Przesunęła się o krok lub dwa i zaczęta powoli się obracać, przyjmując najróżniejsze, wdzięczne pozy. Nigdy wcześniej nie spotkałem zawodowej tancerki, ale nawet jeszcze teraz jestem pewien, że ona właśnie była najpiękniejsza ze wszystkich, jakie kiedykolwiek później widziałem. Nie jestem w stanie przekazać, co wówczas czułem, obserwując ją w tej tajemniczej komnacie.
— Wszystkie dworskie piękności czekają na was — odezwał się nasz gospodarz. — Właśnie tutaj, w Lazurowym Pałacu, dokąd przylatują nocą ze swoich złotych komnat, by znaleźć zapomnienie w dawanej wam rozkoszy.
Byłem niemal zahipnotyzowany i wydawało mi się, że ta fantastyczna przenośnia została użyta w sensie jak najbardziej dosłownym.
— To chyba nie może być prawda — zaprotestowałem.
— Przybyłeś tu w poszukiwaniu rozkoszy, czyż nie tak? Cóż w tym złego, jeżeli oprócz niej otrzymujesz także sen? — Przez cały czas złotowłosa dziewczyna kontynuowała swój powolny, odbywający się w ciszy taniec.

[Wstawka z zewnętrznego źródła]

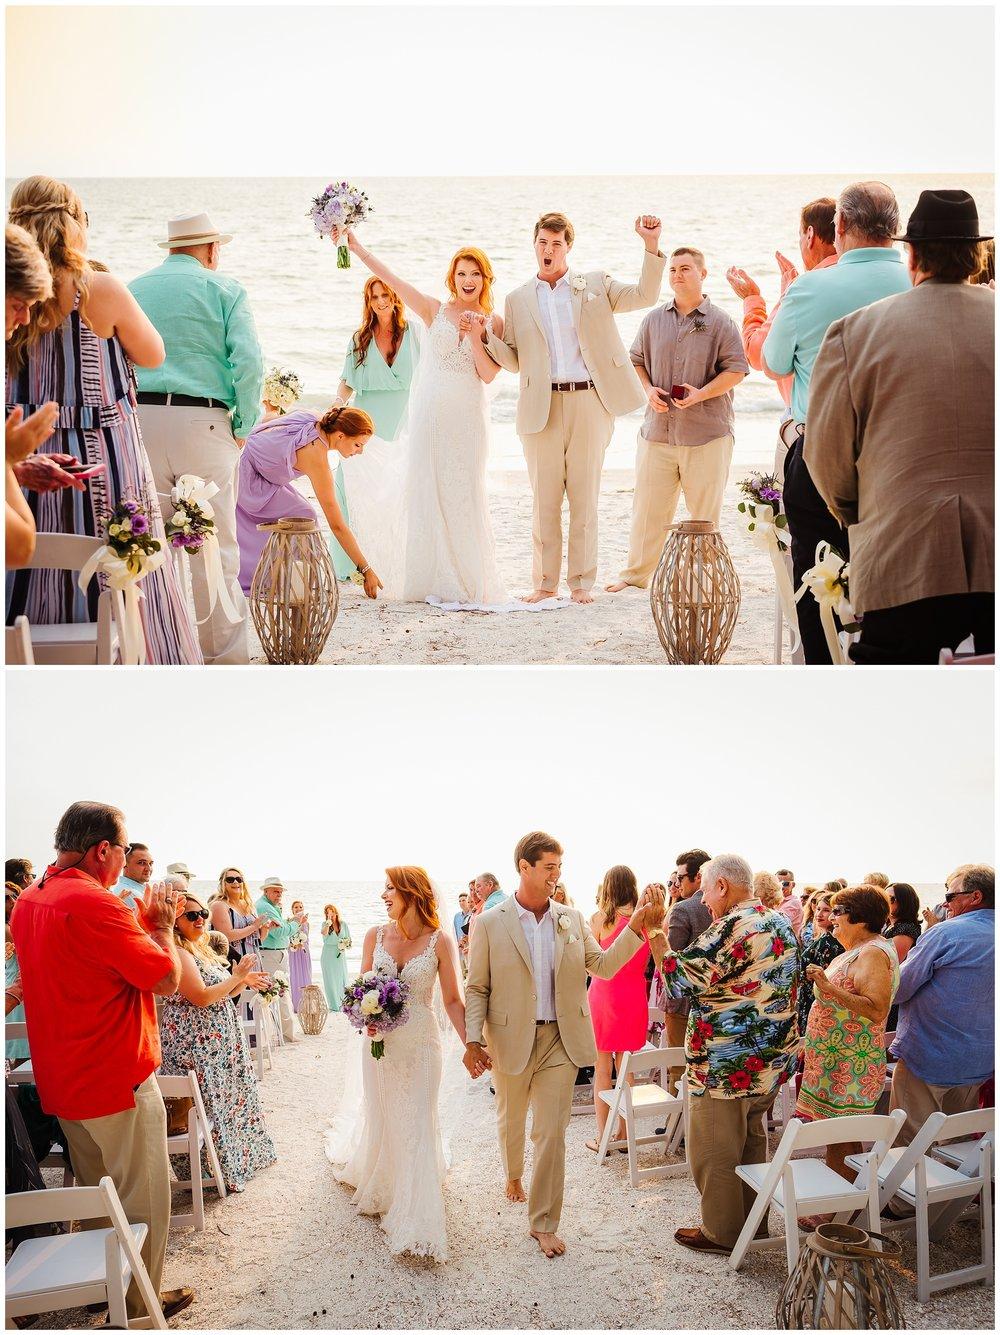 tampa-st-pete-wedding-photographer-indian-rocks-beach-mermaid-train-redhead_0139.jpg

Chwile mijały jedna za drugą.
— Podoba wam się? — zapytał mężczyzna. — Bierzecie ją?
Miałem już powiedzieć (a raczej wykrzyczeć, tak jak krzyczało we mnie wszystko, co kiedykolwiek pragnęło lub mogło pragnąć kobiety), że tak, że ją biorę, ale uprzedził mnie Roche.
— Zobaczymy jeszcze inne — powiedział. Dziewczyna przerwała swój taniec, ukłoniła się i wyszła z komnaty.
— Możecie zdecydować się na więcej niż jedną. Razem lub oddzielnie. Mamy bardzo duże łóżka. — Drzwi otworzyły się. — Kasztelanka Gracia.